Ганс направился к буфету. Он купил там вазочку мороженого для меня, а себе бутылку жигулевского пива. Мы расположились за мраморным столиком у стены, у плюшевой портьеры.
За этой портьерой — дверь, за дверью — зрительный зал.
Там шел фильм. Приглушенно проникали сюда басистые мужские голоса, визгливый женский смех, музыка. Я любил вот так, сквозь стену, прислушиваться к звукам чужого сеанса. Если картина была знакомая, виденная много раз, можно было угадывать, что там сейчас происходит, на экране, вспоминать лица актеров, прикидывать, скоро ли конец. Если же фильм был новый, я старался по этим невнятным звукам, по томительным паузам, по скрипу кресел и порывам смеха в зале определить, интересно будет или скучно, стоило ли тратить деньги на билет.

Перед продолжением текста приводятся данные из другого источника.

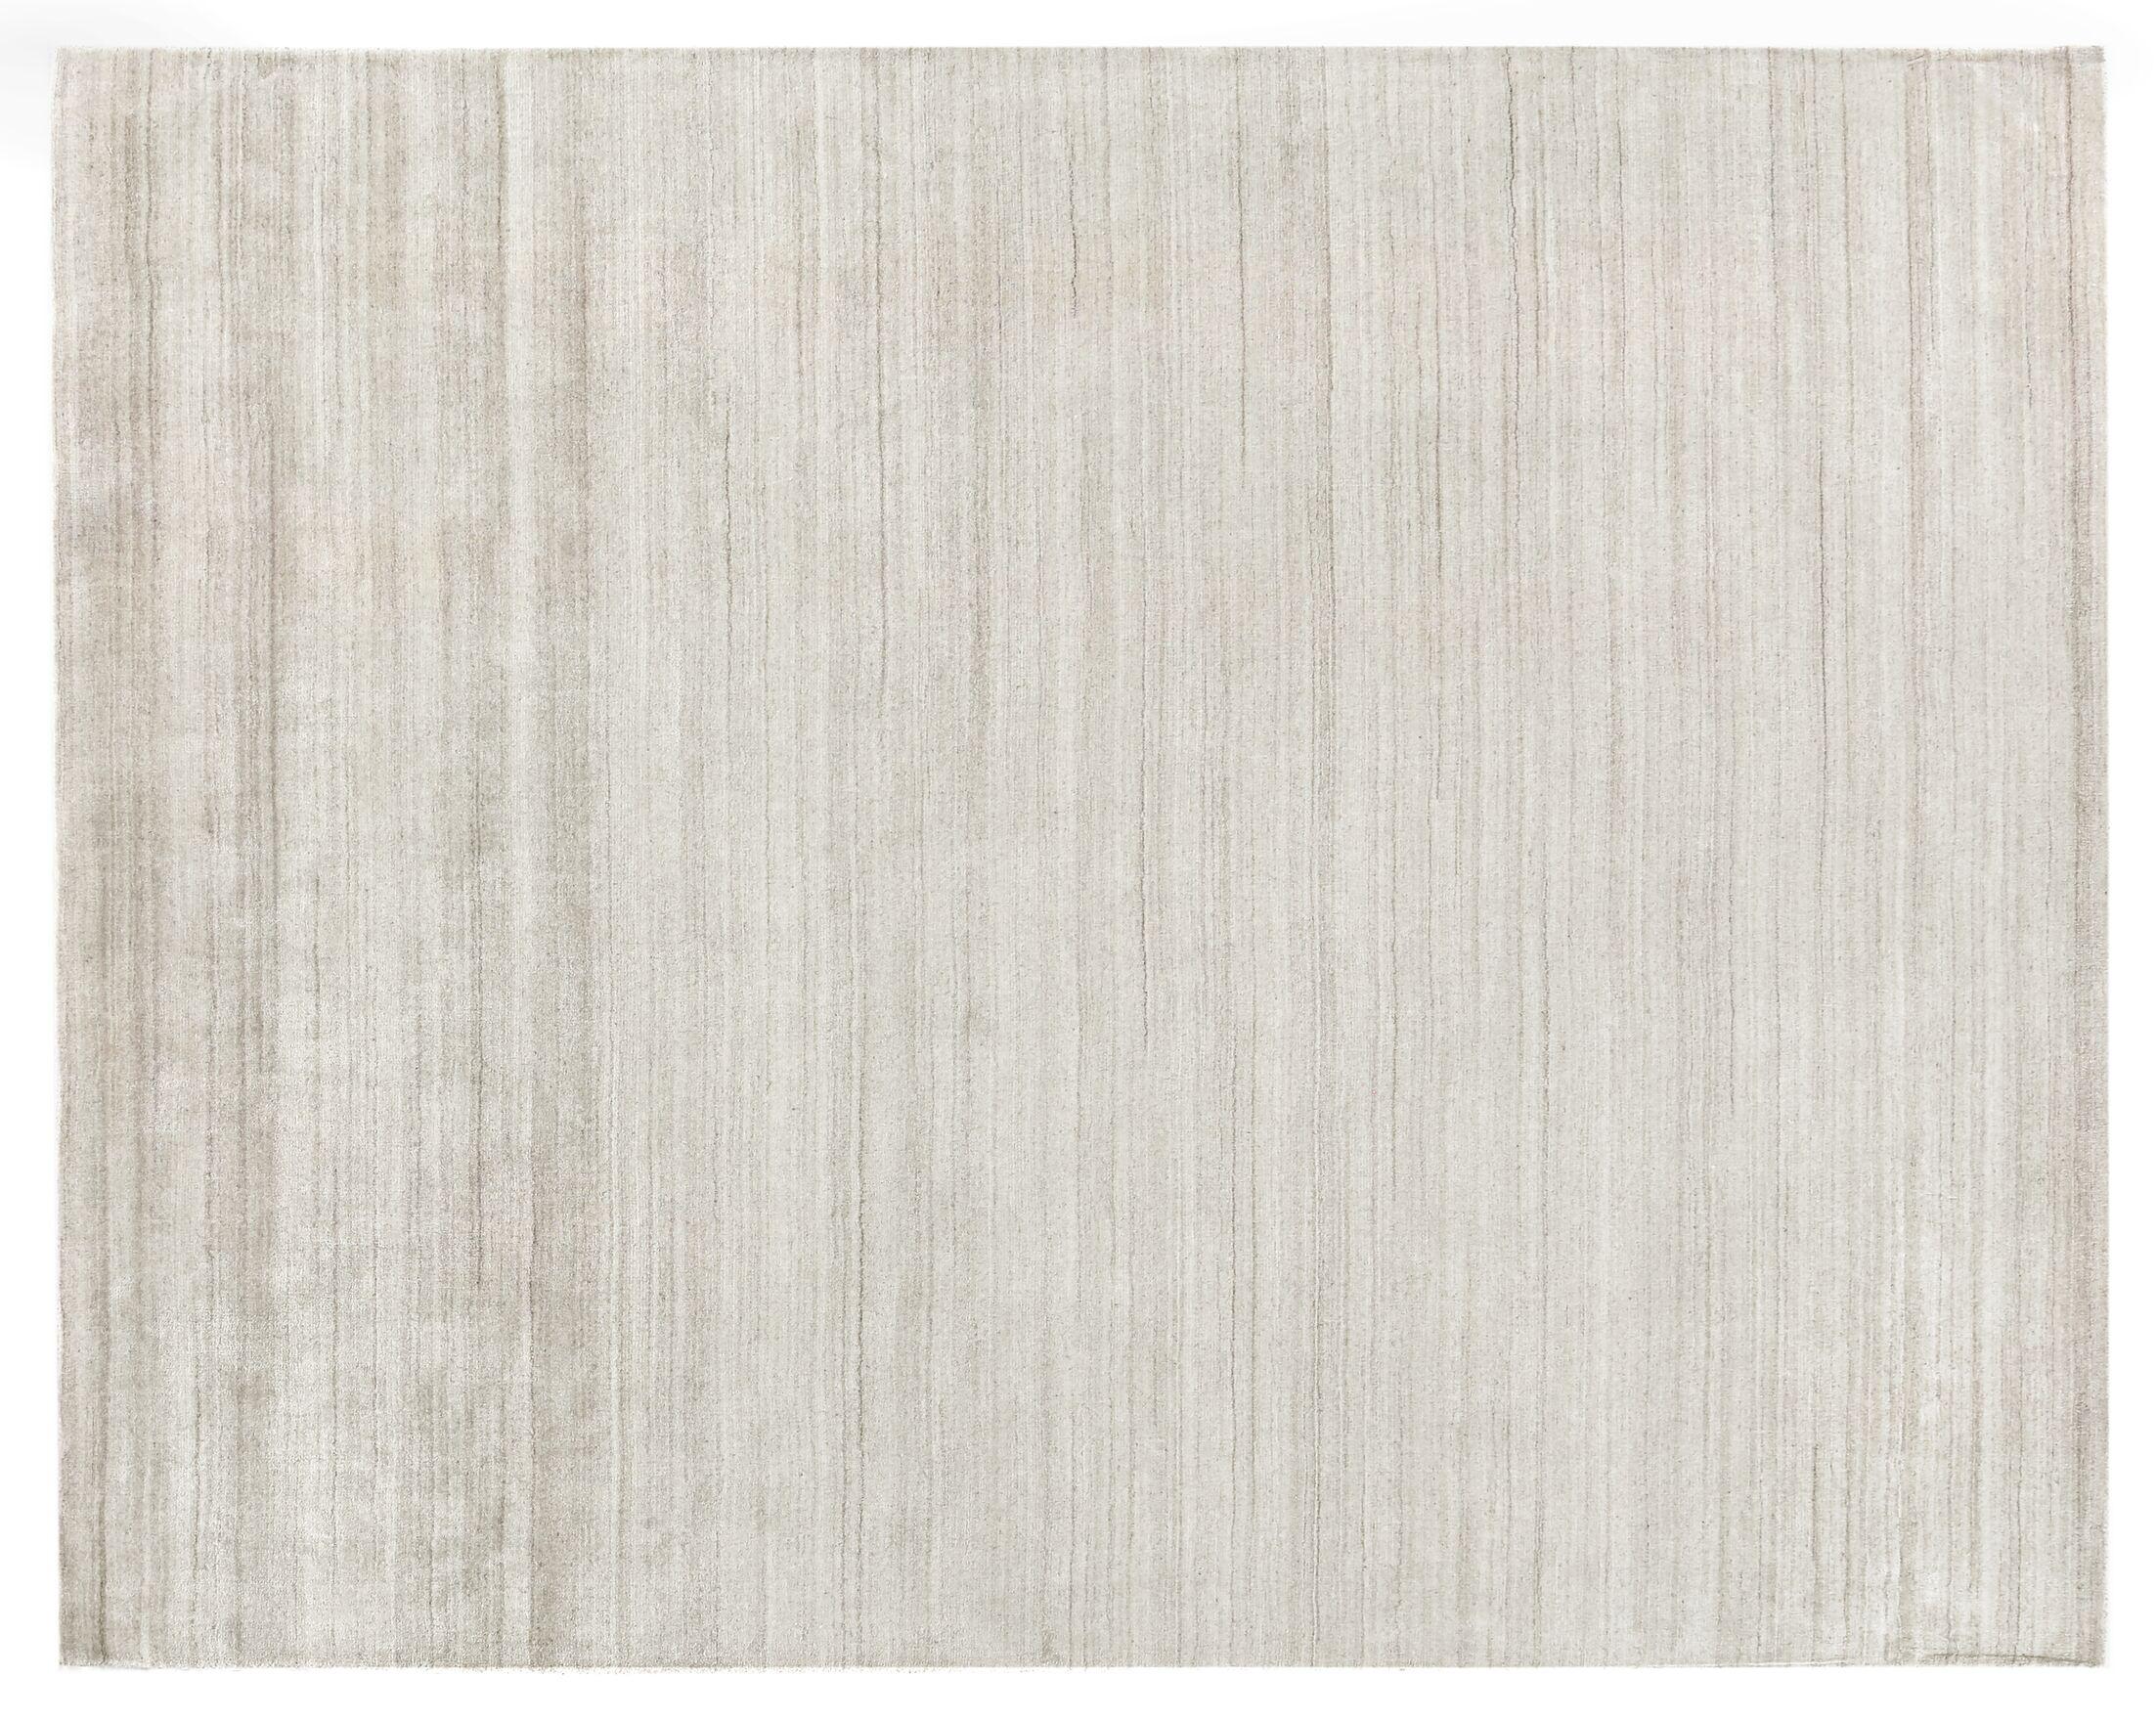 Sanctuary Hand Woven Silk Beige Area Rug Rug Size: Rectangle 9' x 12'

И вообще когда за стеной идет кино, а тебе еще только предстоит его смотреть и когда, подслеповато щуря глаза, сдержанно гомоня, обмениваясь впечатлениями, из зала на божий свет выкатываются зрители предыдущего сеанса, кажется, что эти вот люди только что, опередив тебя, прожили какую-то часть твоей собственной будущей жизни, и они уже знают, что тебе грядет, а ты еще только сидишь в ожидании и в неизвестности, ждешь звонка…
Мороженое быстро таяло, я хлебал его ложечкой, как сметану. В бутылке Ганса вздувались и неслышно лопались пенные пузыри.
Из-за плюшевой портьеры сейчас доносились рулады женского голоса немыслимой высоты и прелести, птичьей свободы:
Аа, аа, аа, а-ааа,
Аа-а, аа, а-ааа…
Ганс, не донеся стакан до рта, приник к портьере. Вслушался. Глаза его мечтательно поднялись к потолку.
— Это называется «Сказки Венского леса», — сообщил он мне. — Венский лес — он в самом городе, на высокой горе…
По лицу его скользнула блаженная улыбка.
Я, облизывая ложку, внимательно посмотрел на него.
— Тебе хочется… туда?
— Там теперь Гитлер.
— А какой город лучше — наш или Вена? — спросил я ревниво.
— Вена, — ответил Ганс.
К началу сеанса зал оказался полон.
Померкла люстра. Клин света из проекционной будки пронзил темноту.
Бодрый марш возвестил кинохронику.
Вот к перрону вокзала медленно подходит поезд. В тамбуре вагона появляется человек, лицо которого мне давно знакомо по портретам. Мясистый подбородок, коротко подстриженные усы, пенсне. Он держится с достоинством, даже чуть высокомерно, но в движениях его, во взгляде сквозит некоторое смятение. Приподняв над головой шляпу, он ступает на перрон.
— Председатель Совета Народных Комиссаров Союза ССР и Народный комиссар иностранных дел Вячеслав Михайлович Молотов, — говорит диктор, — прибыл с дружественным визитом в столицу германского государства — Берлин…
На перроне чинная суета встречи. К гостю устремляется благообразный, сухощавый, обворожительно улыбающийся господин в штатском. За господином в штатском — господин в генеральском мундире. За господином в генеральском мундире — некто полуштатский, полувоенный. Еще множество всяких в мундирах и штатских.
Высокий гость обходит строй почетного караула, безукоризненной ниточкой вытянувшийся вдоль перрона. Офицер в парадном черном мундире с белыми отворотами с обнаженным палашом в руке сопровождает его.
Я оглянулся.
Позади меня сидели люди. Их лица были плоско освещены рассеянным, отраженным светом экрана.
Их лица, как это обычно в кино, были будто лишены своего собственного выражения, а лишь отражали то, что видели, были как бы экраном экрана — одинаковыми, завороженными, послушными.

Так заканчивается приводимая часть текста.